Portland's roster is filled with young players - 20 of the 32 players on the current roster are 25 or younger - and want to grab valuable playing time as the offseason approaches.

Jack Jewsbury, one of the team's most experienced players, said that while keeping an eye on maintaining a roster spot for next season is part of the stretch run, getting a win is the more valuable element and the energy the younger players have shown is helpful to that.

"It's a good thing to have those players that you can look at and say 'hey in a few years they going to be some of the best players in the league," he said, "but in this business it's also about right now, and what we've been doing as of late, the way we've been dominating games, is good to see."

David Horst, one of the team's older players at age 26, said the tension that might surround a team of younger players hasn't materialized.

"When you get too much tension on a team, guys start getting after each other a little bit, but I haven't seen much of that at all with this team," he said. "Despite out record, the team's had great chemistry.
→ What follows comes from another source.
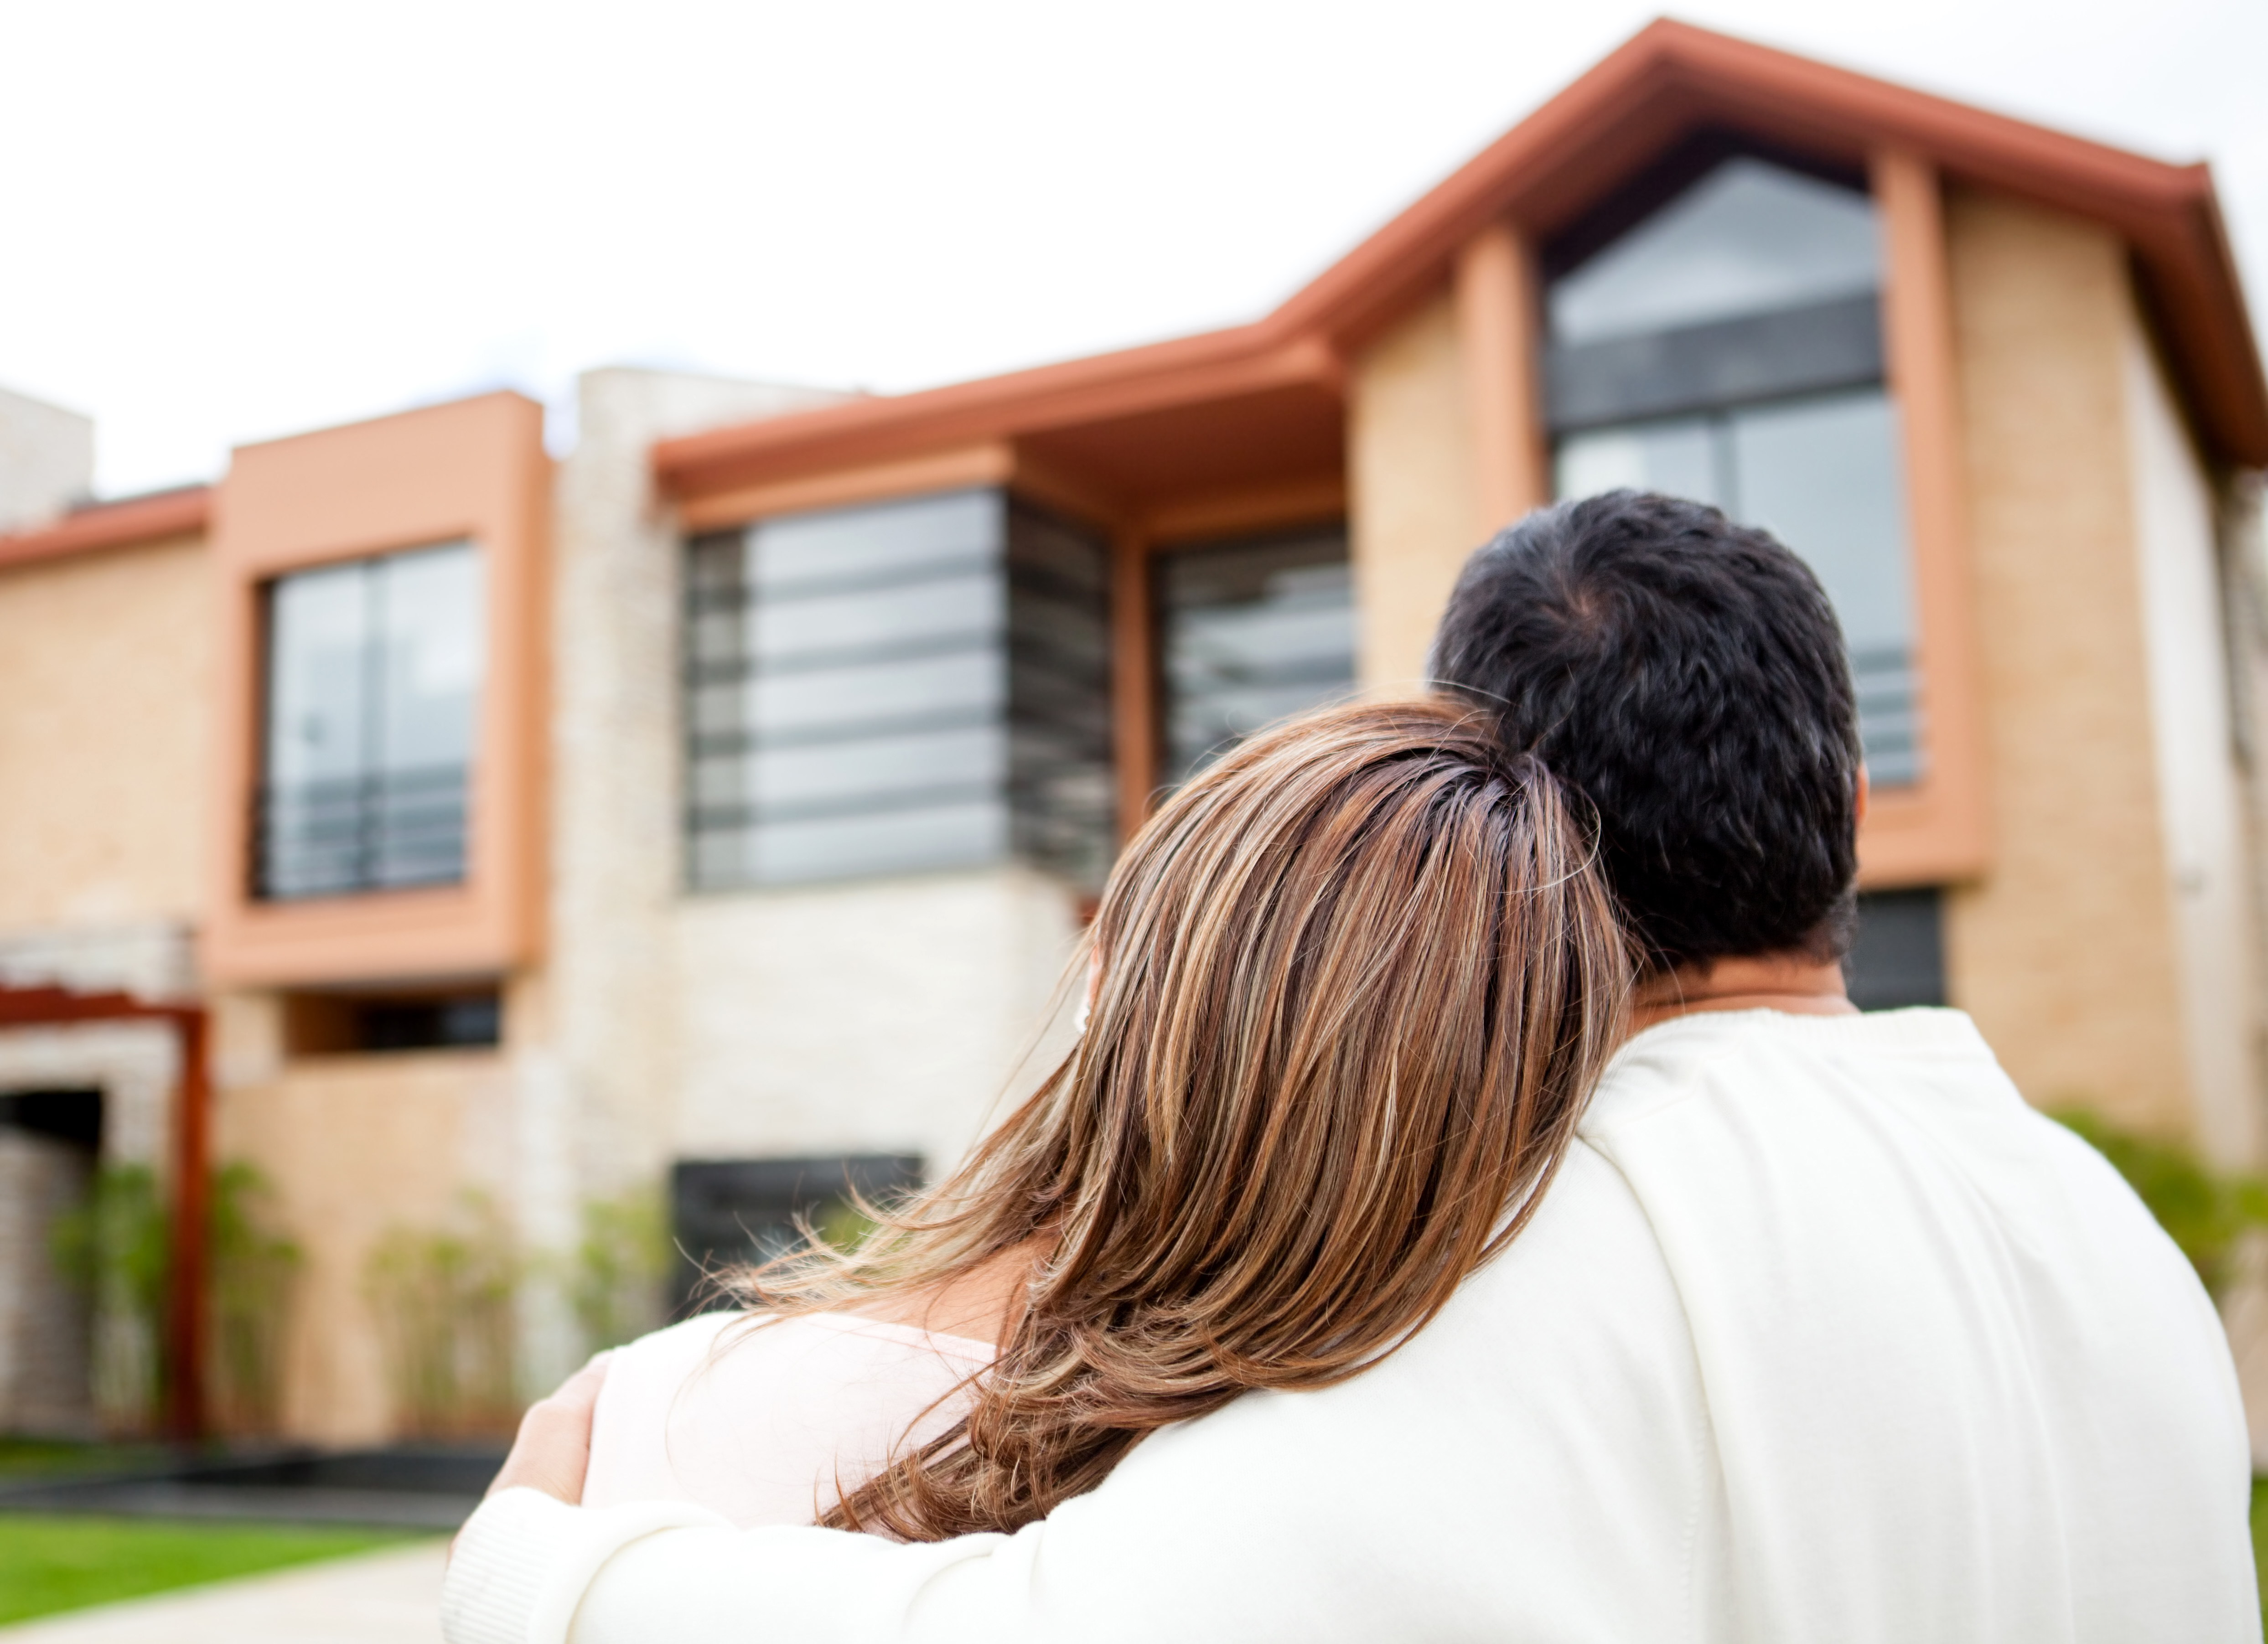 La famille s'agrandit : rénover ou déménager?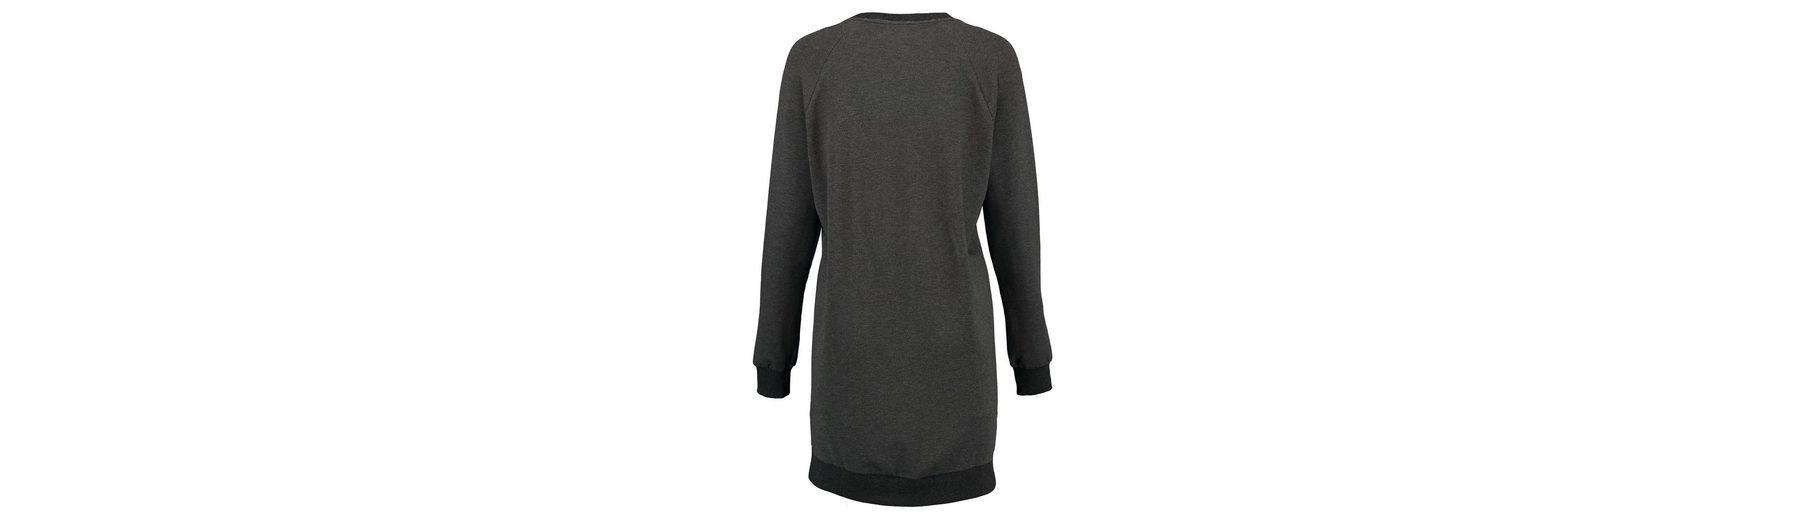 Versorgung Günstiger Preis O'Neill Kleid maxi Sweatshirt Erstaunlicher Preis Günstig Kaufen Preis 100% Garantiert 28tB0nOEEd

I've seen teams that when they have a season like we're having they fall apart completely, but our team hasn't.

"It's definitely a positive. A lot of guys have matured, their games have matured ... it makes every single one of us better for next year."

Assistant coach Sean McAuley said this week that the level of experience isn't going to be that much of a factor in determinining the lineup for Saturday.

"I don't care whose name is on the back of the shirt," he said, "I care about what's on the front of the shirt and that the guys we have on the field are giving their maximum effort so we can get the result we want."